Wednesday, January 16, 2013
I'm Back! I havent been around for a while, and it shows. I have gained back pretty much everything i had lost in the past. UGH! I'm tired of being tired, and miserable all the time. I'm tired of my feet hurting, and my back hurting, and my joints and of my clothes not fitting me anymore, and Black Stretch Pants are TOTALLY SEXY! I need to document what it feels like, so i can go back to this one day when i am feeling like giving up and REMEMBER how much it sucks to feel like this. I am 27 years old, i shouldnt be waddling around the store at work. Yes i said Waddle, because when my feet hurt .. about halfway through my shift.. i start to waddle. So i decided it was about time to stop whining about it, and start doing something about it again.

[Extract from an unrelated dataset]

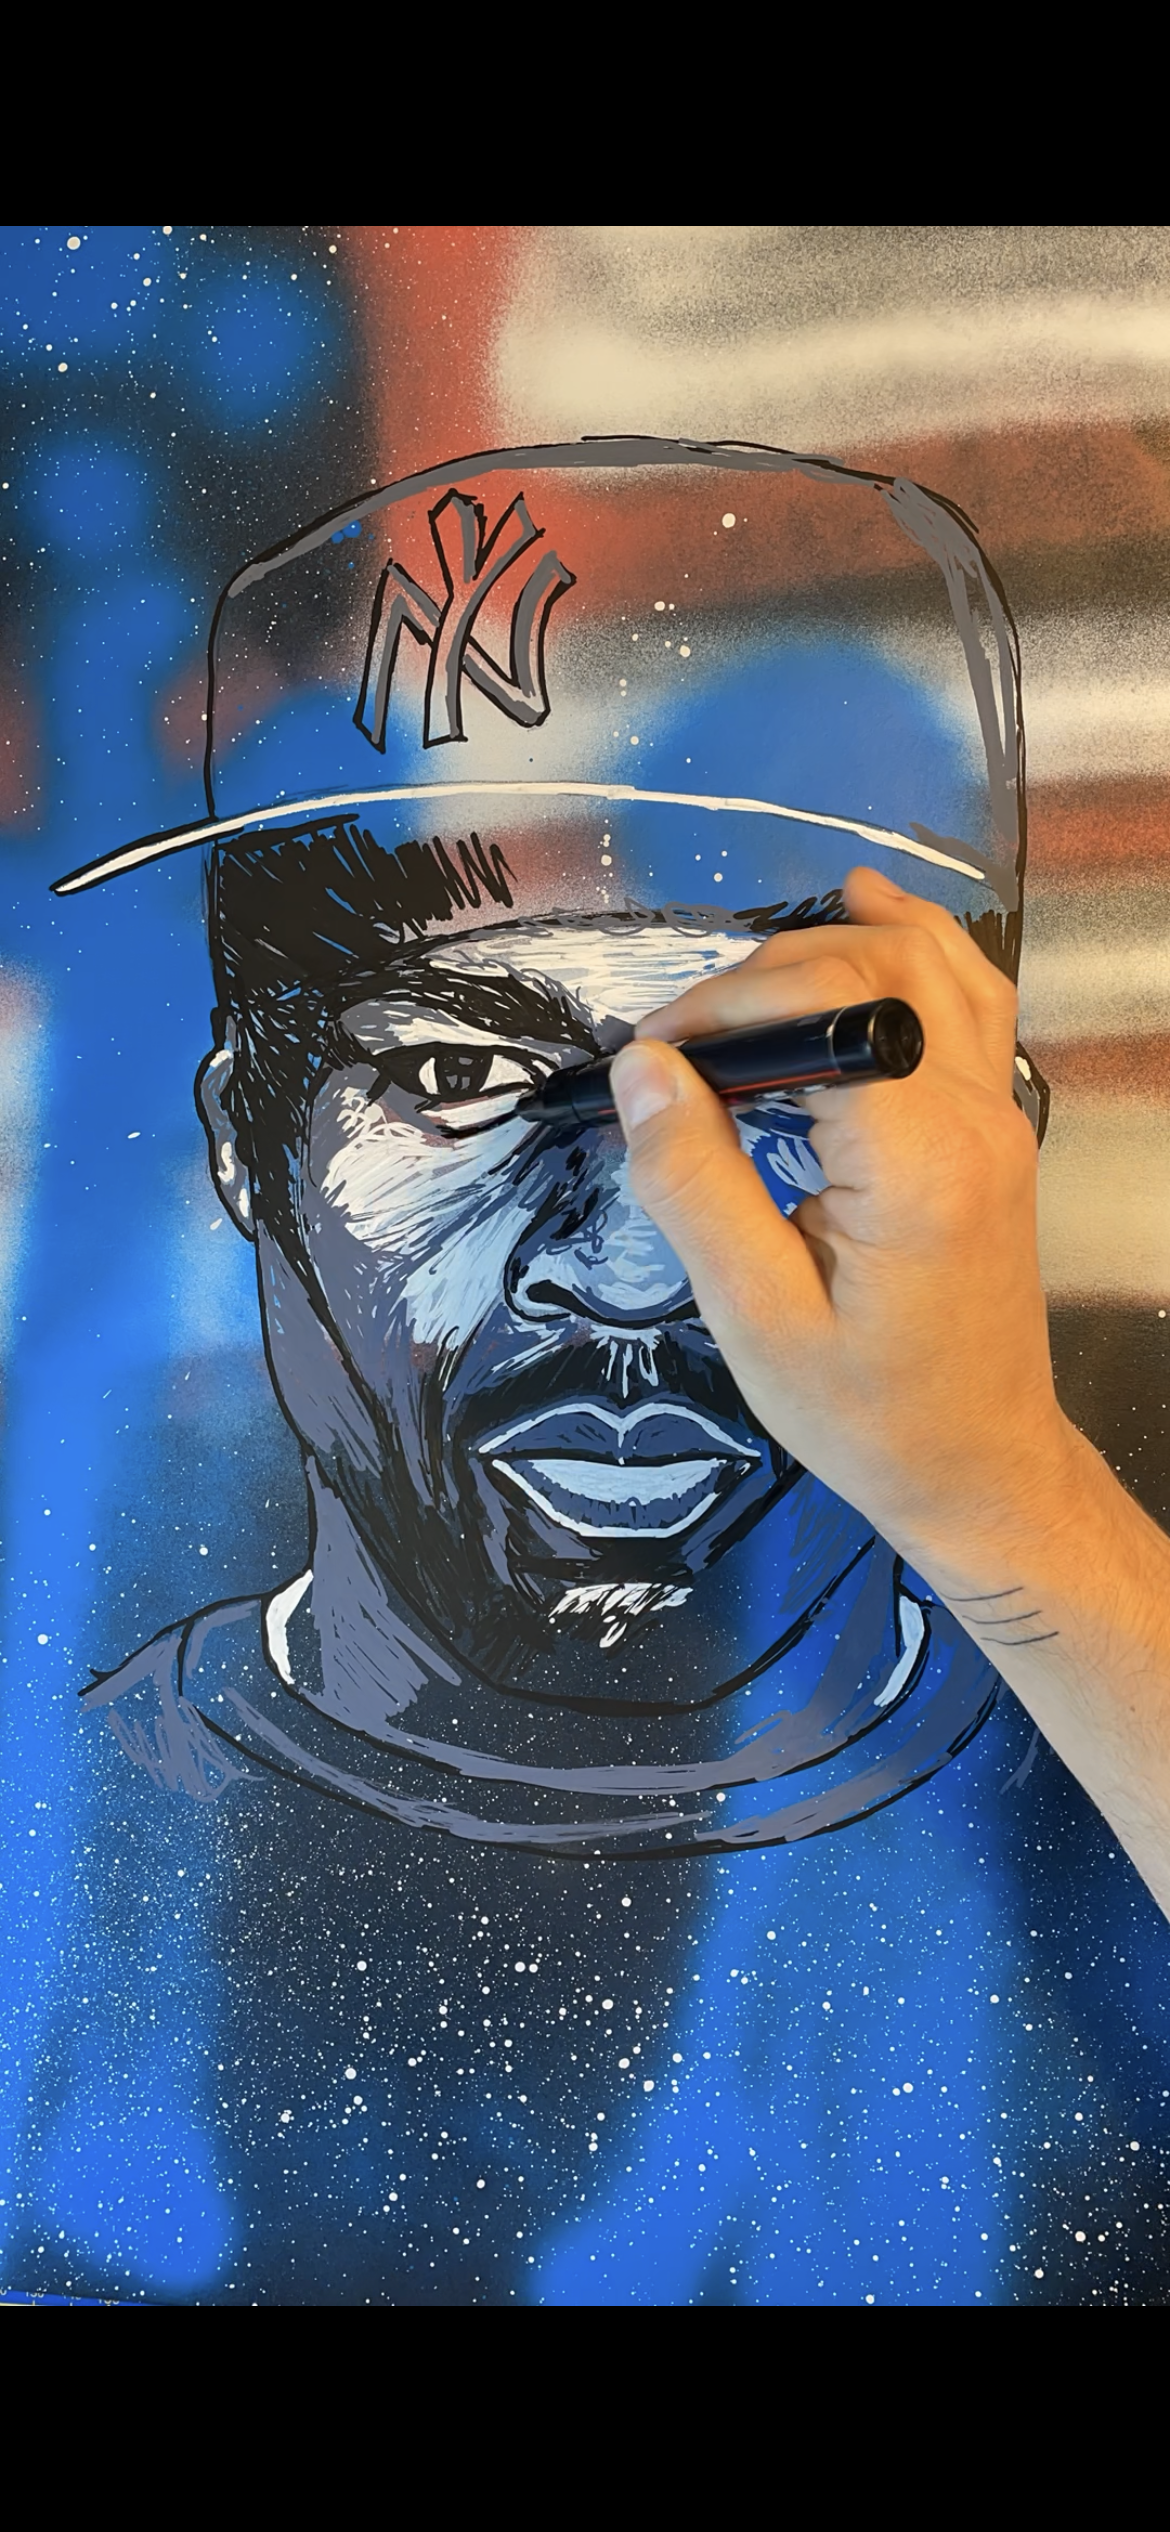 (RED/BLUE) 50 Cent I love NY Original

I went back and looked at all my old meal plans and exercise routines. Sh!t, that looks daunting. There is no way that i can go back to what i was doing at my lowest weight. SO why even bother.... Then i realized that i had to b!tchslap that thought down. NO! It might be daunting, it might be hard, it might suck sometimes... but its going to be so worth it! So i decided to wipe the slate clean and start over, and use my old plans as the simple fact that i HAVE done it before, and i CAN do it again. I'm going start slow, this week i am solely concentrating on tracking my food, no matter what it is. And i am going to drink 14 cups of water a day.
Which brings me to my Title. I am currently sitting here, staring at my last 3 cups of water that i need to drink today. I had forgotten how much it sucks to go from not drinking enough water and being dehydrated to being fully hydrated and your body craving that much liquid. I feel like if i move i am going to Slosh! I remember this from before, this alone is a great motivator to not have to start over EVER AGAIN!
I'm down to 2 cups now, have you ever noticed that water just stops tasting good after a while. I'm to that point. And i dont like Mio and juice flavored stuff in my water. I'm seriously beginning to question how i liked water in the past. Did i not have taste buds back then?
1 cup to go... I think i can, I think i can, i think i can!!! I dont WANT to.. but i THINK I CAN!
THANK GOD! Its gone! i got my 14 cups in today... and tomorrow i get to start over again. I need to pace myself better throughout the day. I honestly feel like if you held me up to your ear.. you would hear the Ocean. I am sloshing big time! But i know that water is so good for your body, and your health. So even though I'm hating it right now... Its Awesome! Gotta love those small victory baby steps! Day 1 - Goals Accomplished! WOOHOO!